Begin at the line below that holds "Светильник настенный Lucide" and end at the line that holds "2004 honda civic", transcribing each line exactly and skipping any picture.

Exercise data »

>>

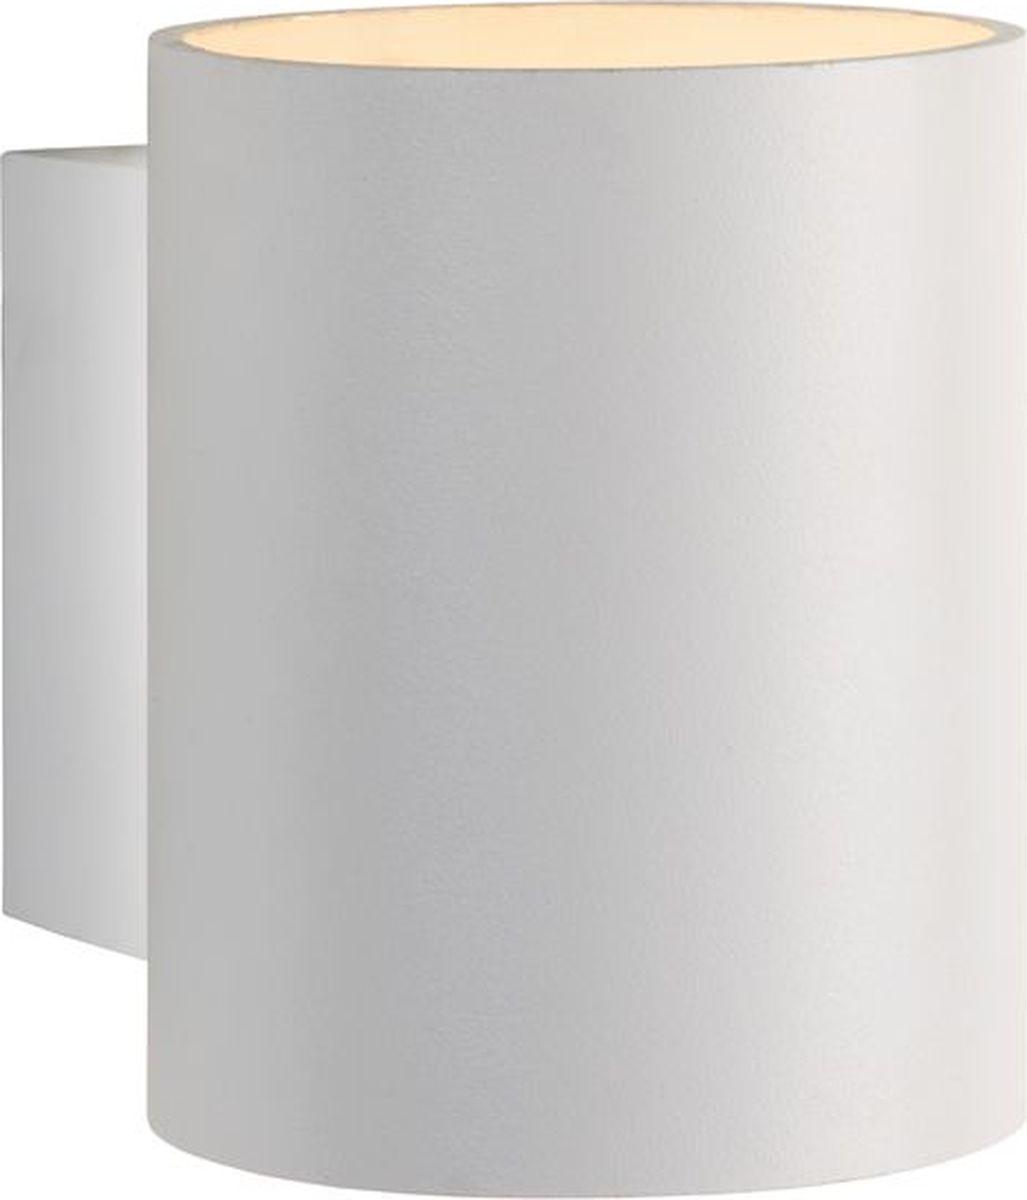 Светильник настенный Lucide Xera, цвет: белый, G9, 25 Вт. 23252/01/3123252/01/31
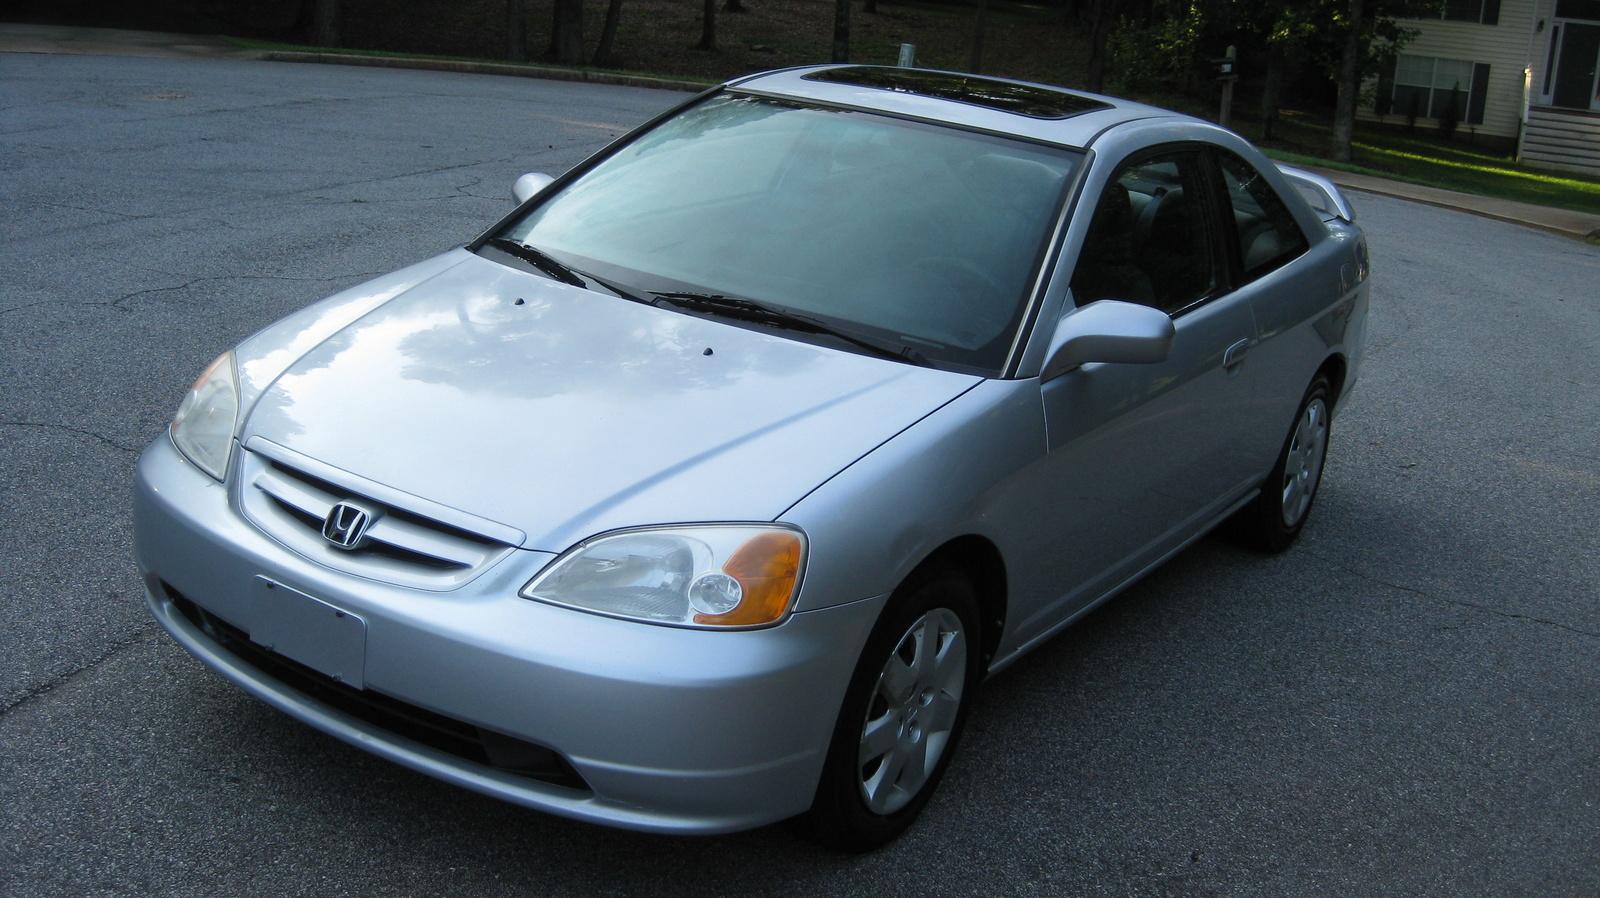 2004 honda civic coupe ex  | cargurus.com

<<
>>

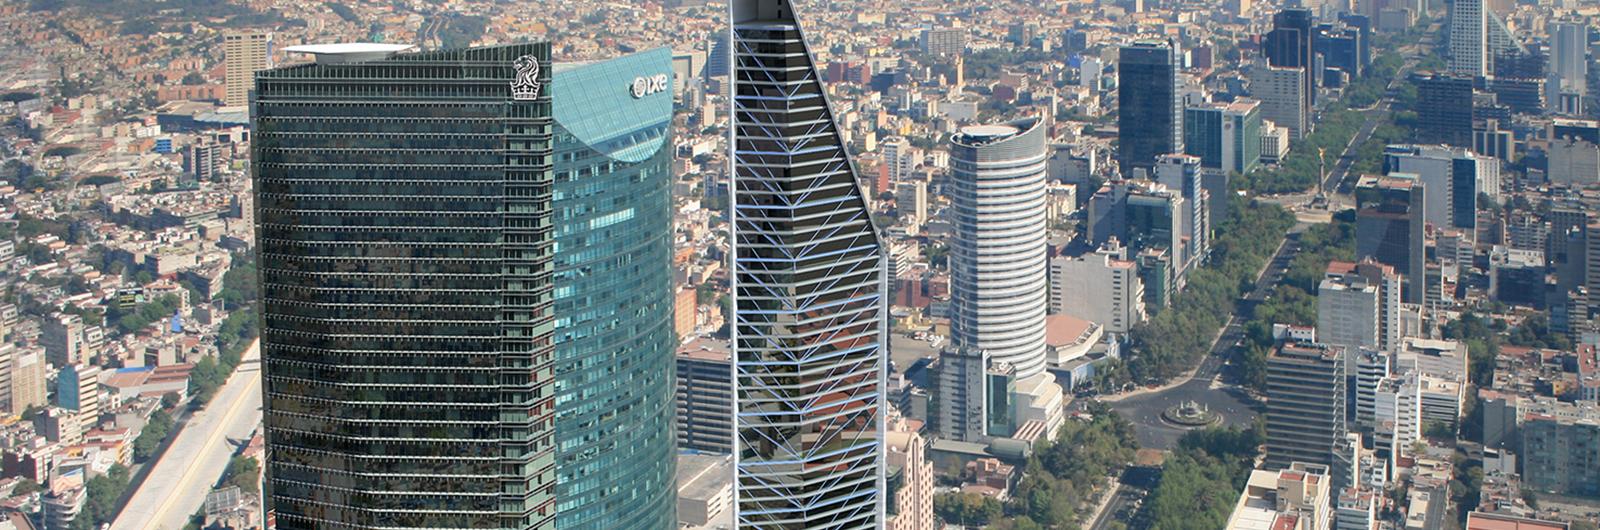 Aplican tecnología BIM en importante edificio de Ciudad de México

<<

Exercise output »
 Светильник настенный Lucide Xera, цвет: белый, G9, 25 Вт. 23252/01/3123252/01/31
 2004 honda civic coupe ex  | cargurus.com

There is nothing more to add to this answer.